──────── STORED DATA ────────

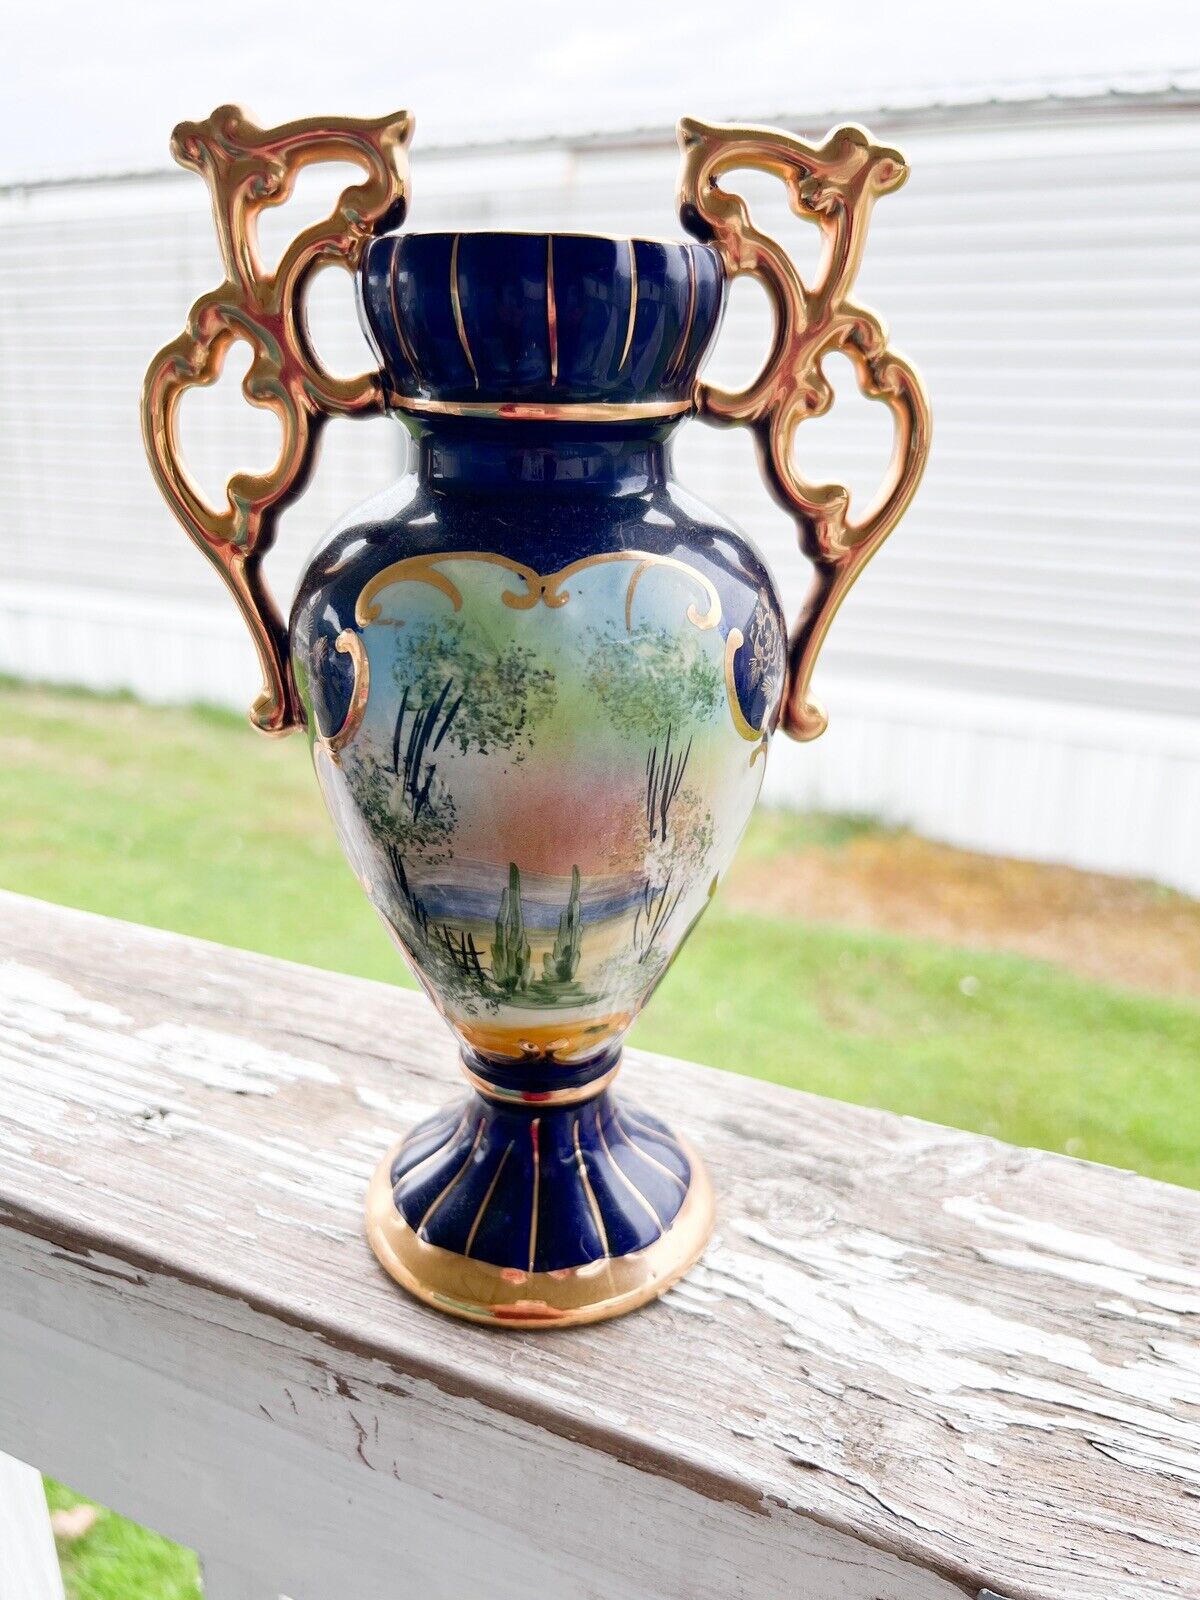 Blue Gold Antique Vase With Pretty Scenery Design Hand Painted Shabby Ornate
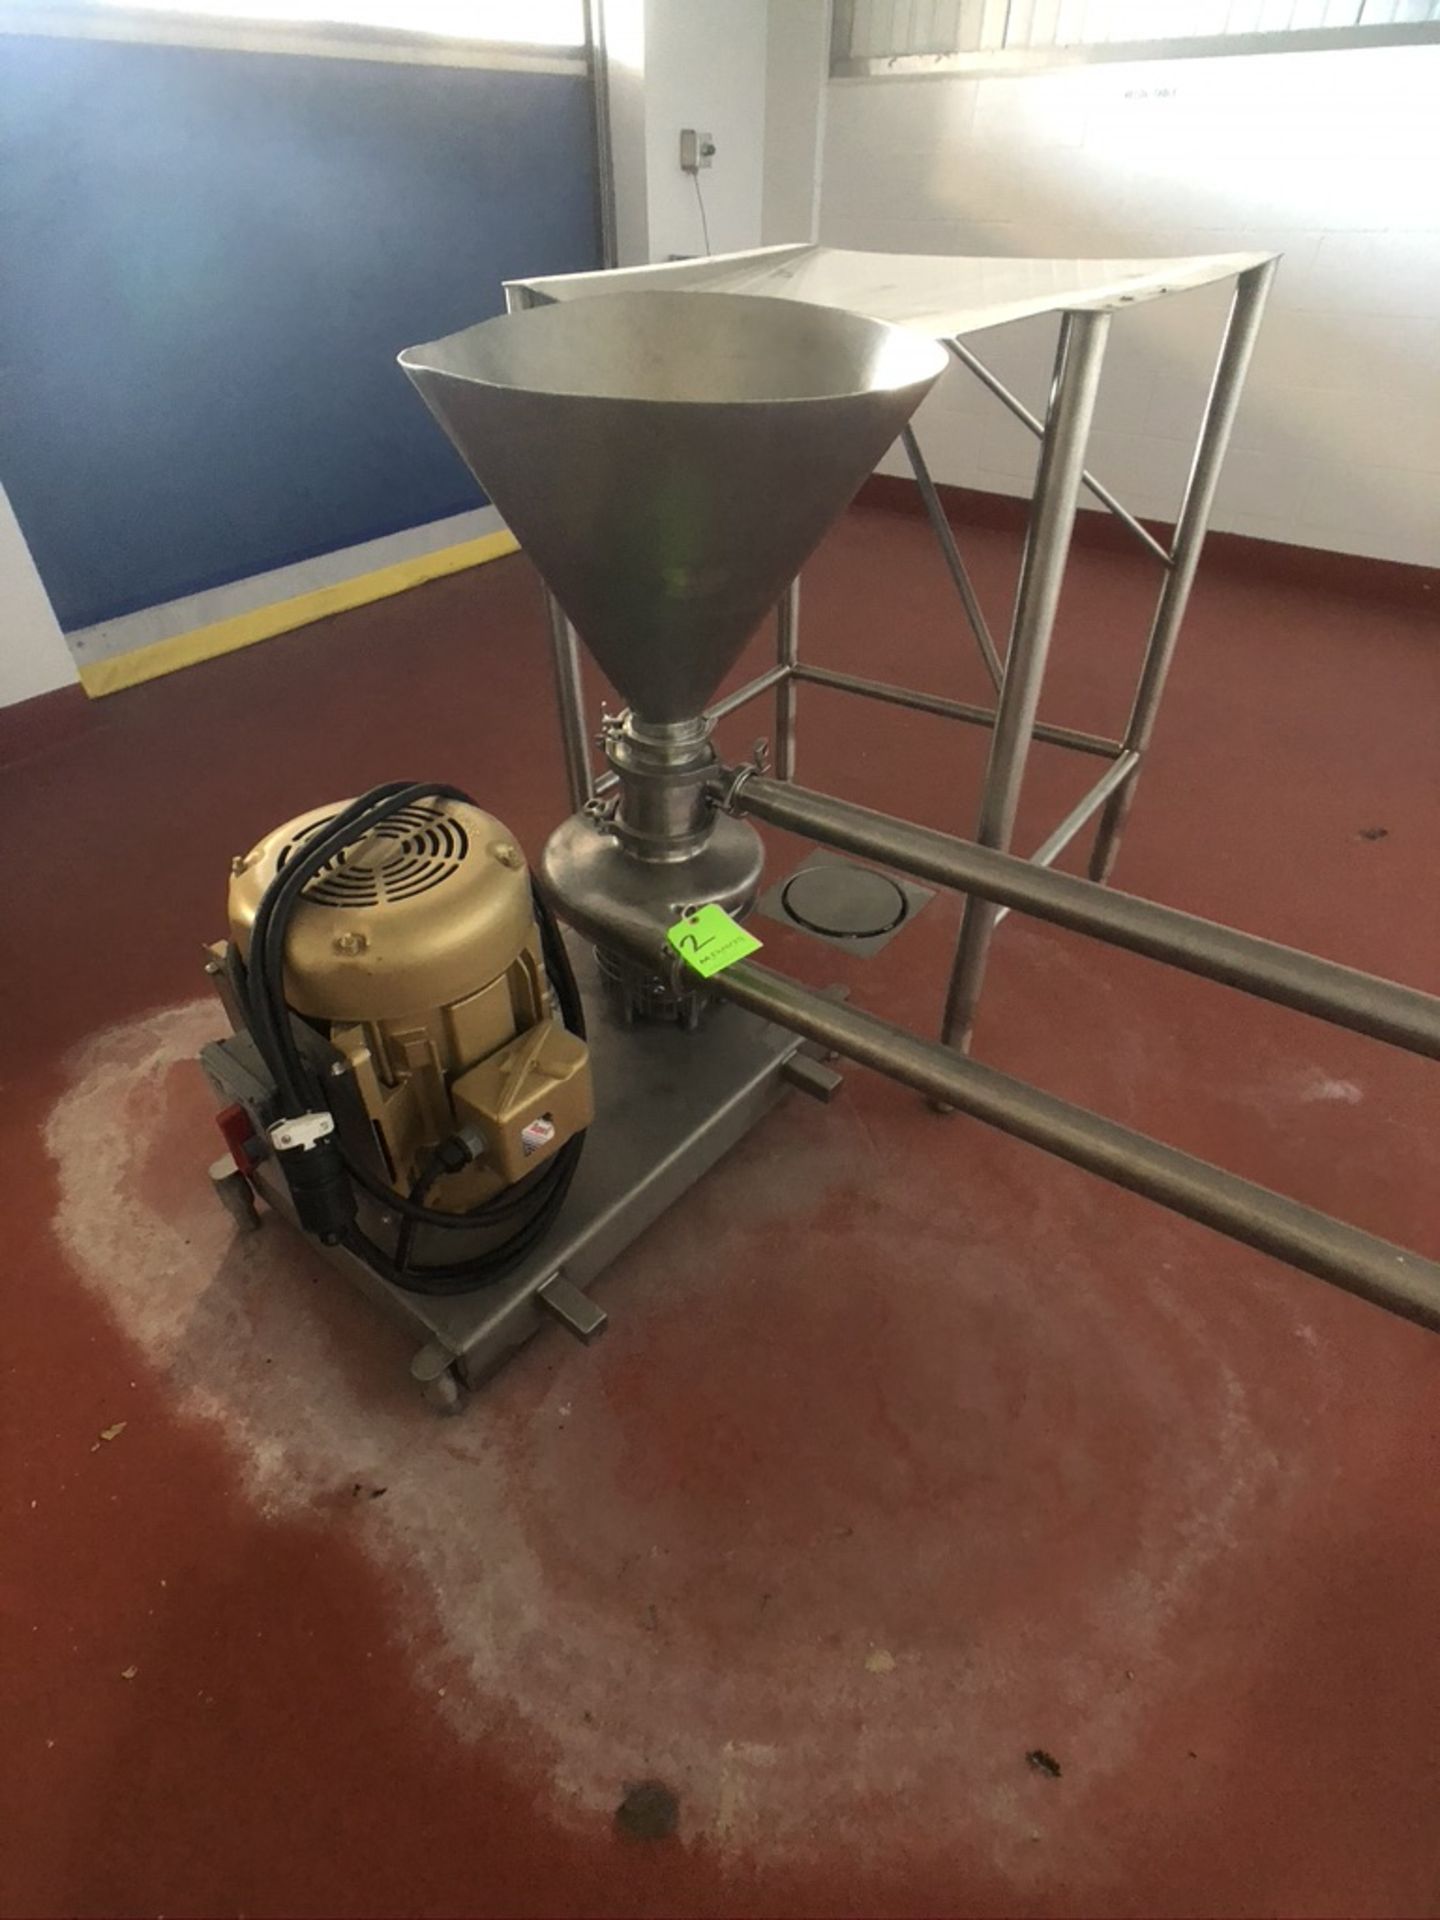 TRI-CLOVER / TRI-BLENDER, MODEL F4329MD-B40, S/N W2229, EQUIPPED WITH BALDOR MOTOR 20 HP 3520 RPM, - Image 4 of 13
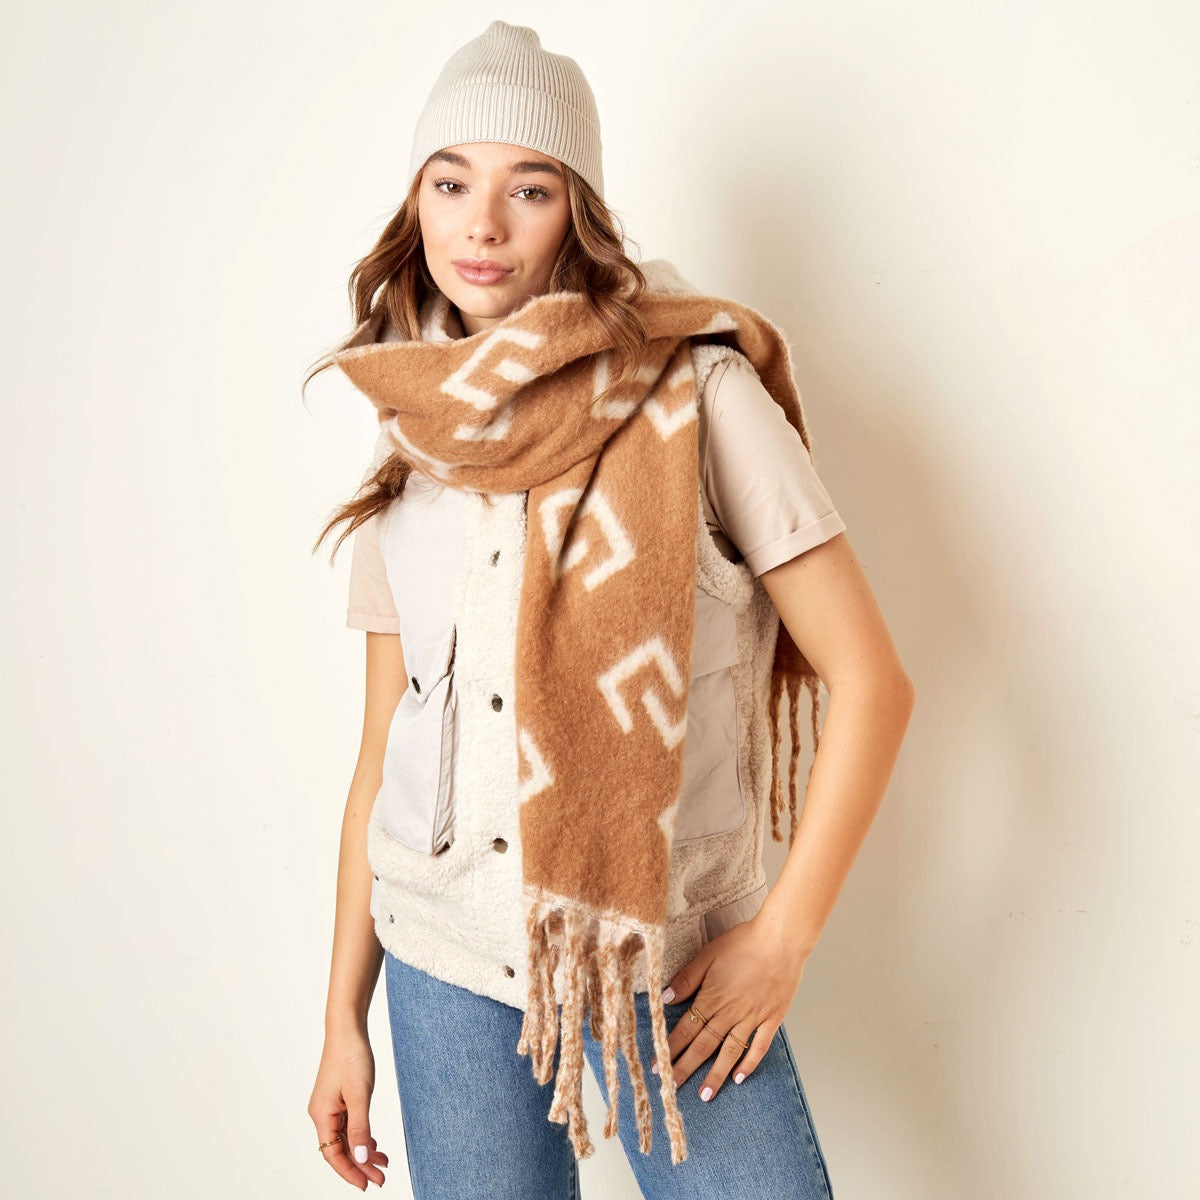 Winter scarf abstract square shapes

────────

The copy should hold exactly the lines from the line containing "TRI-CLOVER / TRI-BLENDER, MODEL" through the end of the data, both ends included, and no pictures.

 TRI-CLOVER / TRI-BLENDER, MODEL F4329MD-B40, S/N W2229, EQUIPPED WITH BALDOR MOTOR 20 HP 3520 RPM, - Image 4 of 13
 Winter scarf abstract square shapes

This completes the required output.